Так же как и Веснин, ощупью угадывая нового командующего, невольно сдерживал себя, так и Бессонов не был расположен открывать душу, говорить о том, что касалось в какой-то степени и сына, о котором Веснин спрашивал минуту назад. Он все острее чувствовал, что судьба сына становилась его отцовским крестом, непроходящей болью, и, как это часто бывает, внимание, сочувствие и любопытство окружающих еще больше задевали кровоточащую рану. Даже в Ставке, куда пригласили Бессонова перед назначением на армию, в ходе разговора возник вопрос и о его сыне.
Глава 6
Вызов в Ставку был для него неожиданным. Бессонов находился в тот момент не в своей московской квартире, а в академии, где два года перед войной преподавал историю военного искусства. Уже прослышав, что должен быть подписан приказ о новом его назначении, он зашел к начальнику академии генералу Волубову, старому другу, однокашнику по финской кампании, трезвому, тонкому знатоку современной тактики, человеку скромному, негромкому в военных кругах, но весьма опытному, чьи советы Бессонов всегда ценил. Неторопливую, перемешанную воспоминаниями их беседу за питьем чая в служебном кабинете генерала прервал телефонный звонок. Начальник академии, сказав свое обычное: «генерал-лейтенант Волубов», с переменившимся лицом поднял на Бессонова глаза, добавил шепотом:
– Тебя, Петр Александрович… Помощник товарища Сталина. Возьми, пожалуйста, трубку.
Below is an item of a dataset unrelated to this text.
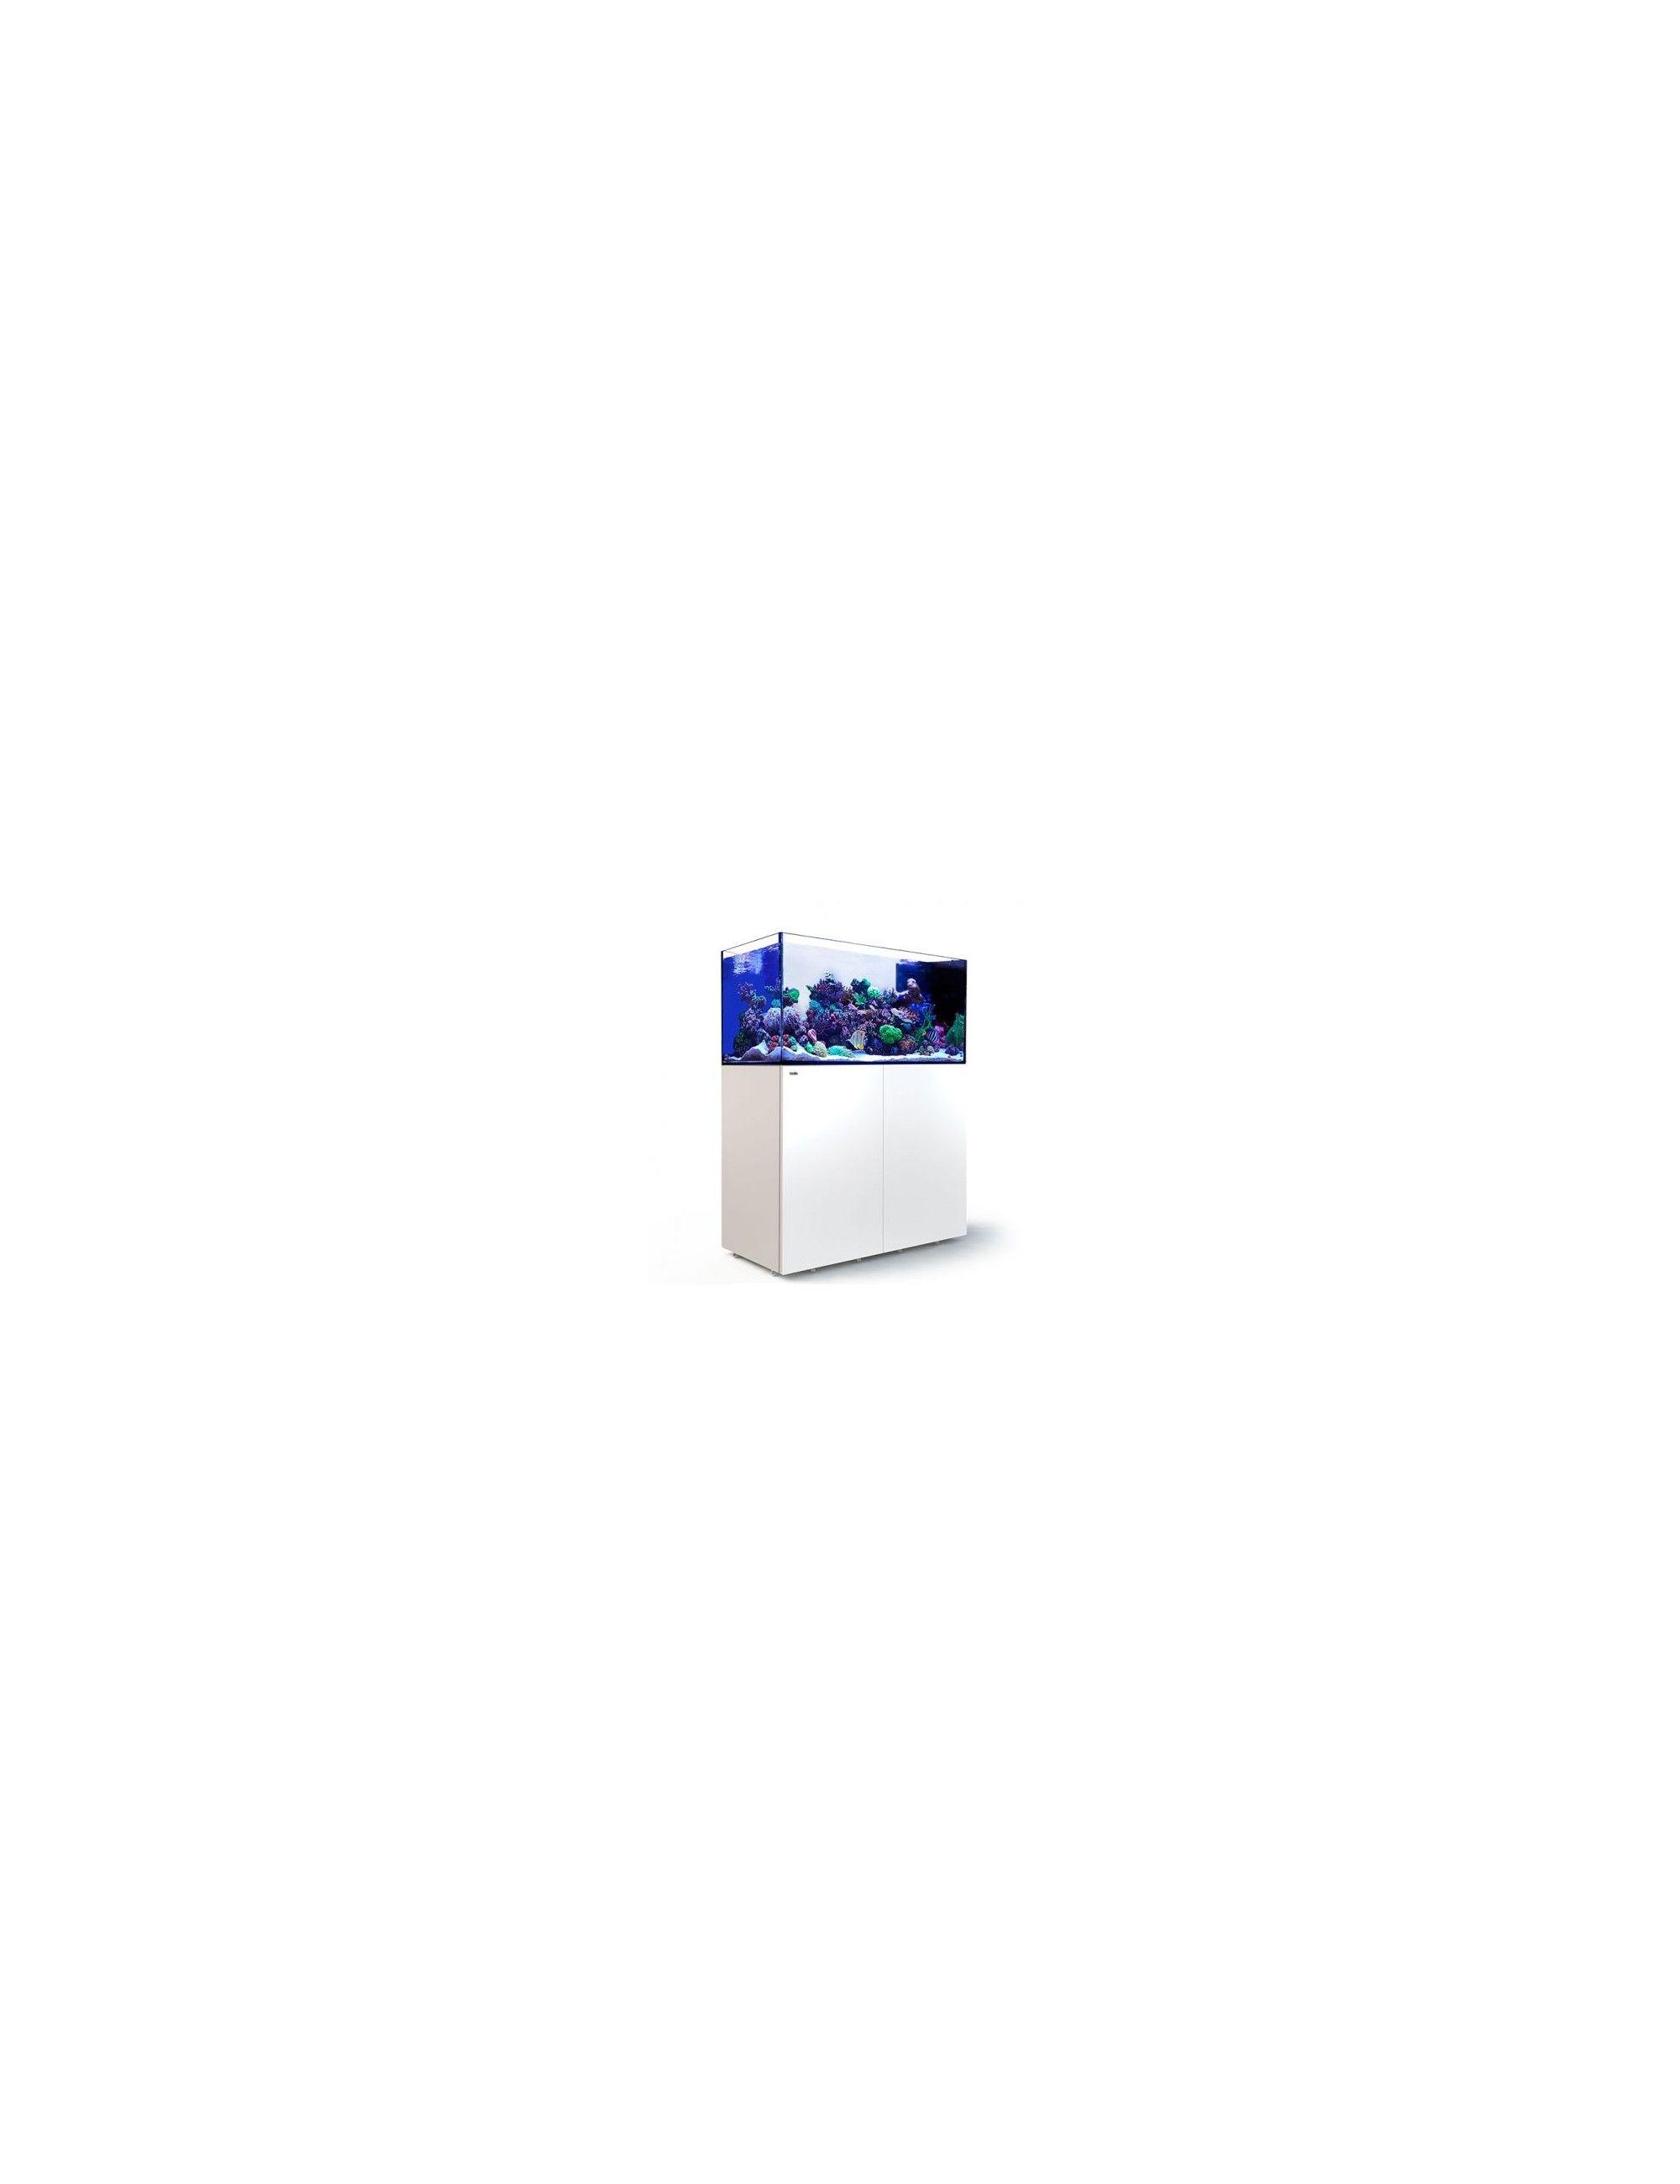 RED SEA - Reefer Peninsula P500 - Meuble Blanc - 500 litres

Бессонов, озадаченный, взял трубку; незнакомый голос, ровный и тихий, выученно спокойный, без какого-либо оттенка распоряжения, поздоровался, называя Бессонова не по званию, а «товарищ Бессонов», затем вежливо спросил, сможет ли он приехать сегодня в два часа дня к товарищу Сталину и куда прислать машину.
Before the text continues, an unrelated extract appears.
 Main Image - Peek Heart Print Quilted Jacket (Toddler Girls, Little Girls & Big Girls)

– Если не затруднит, к подъезду академии, – ответил Бессонов и, закончив разговор, долго молчал под спрашивающим взглядом генерала Волубова, пытаясь не показать внезапно охватившего его волнения, внешние признаки которого всегда были ему неприятны в людях. Потом, взглянув на часы, проговорил обыденным голосом: – Через полтора часа… к Верховному. Вот как, оказывается.
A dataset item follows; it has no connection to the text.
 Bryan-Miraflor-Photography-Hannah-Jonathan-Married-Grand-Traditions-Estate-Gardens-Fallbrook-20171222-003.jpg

– Только прошу тебя, Петр Александрович, – предупредил начальник академии, подержав Бессонова за локоть, – о чем бы там ни спрашивали тебя, не спеши с ответом. Все, кто бывал у него, говорят: не любит шустрых. И ради бога, не забудь – не называй по имени и отчеству, называй официально – товарищ Сталин. Имени и отчества в обращении не терпит… Вечером заеду к тебе – подробно обо всем расскажешь…
В приемной Сталина, отделанной дубовыми панелями, тускло освещенной в окна серовато-мглистым холодным днем поздней осени, на крепких, с жесткой обивкой стульях сидели, поджав ноги, в молчаливом ожидании двое незнакомых Бессонову генералов, и когда немолодой, седоватый полковник, сопровождавший Бессонова в машине, ввел его, из-за широкого письменного стола, уставленного телефонами, поднялся маленького роста лысый человек с ничего не выражающей улыбкой, в скромном штатском костюме, с неприметным, серым, переутомленным лицом. Глядя Бессонову в самые зрачки, пожав руку несильной бескостной рукой, он сказал, что придется подождать, не уточняя при этом, сколько ждать, и сам проводил Бессонова к свободному стулу возле двух генералов.
– Прошу вас здесь…
Бессонов сел, а лысый усталый человек в штатском – это именно он звонил в академию – улыбнулся ему и с привычной вежливостью легонько притронулся кончиками желтых пальцев к его палочке.
– Разрешите, Петр Александрович, я поставлю ее в угол. Так вам будет удобней.
Он аккуратно отнес палочку Бессонова, потихоньку поставил ее в углу за столом и так же бесшумно сел к своим бумагам и телефонам.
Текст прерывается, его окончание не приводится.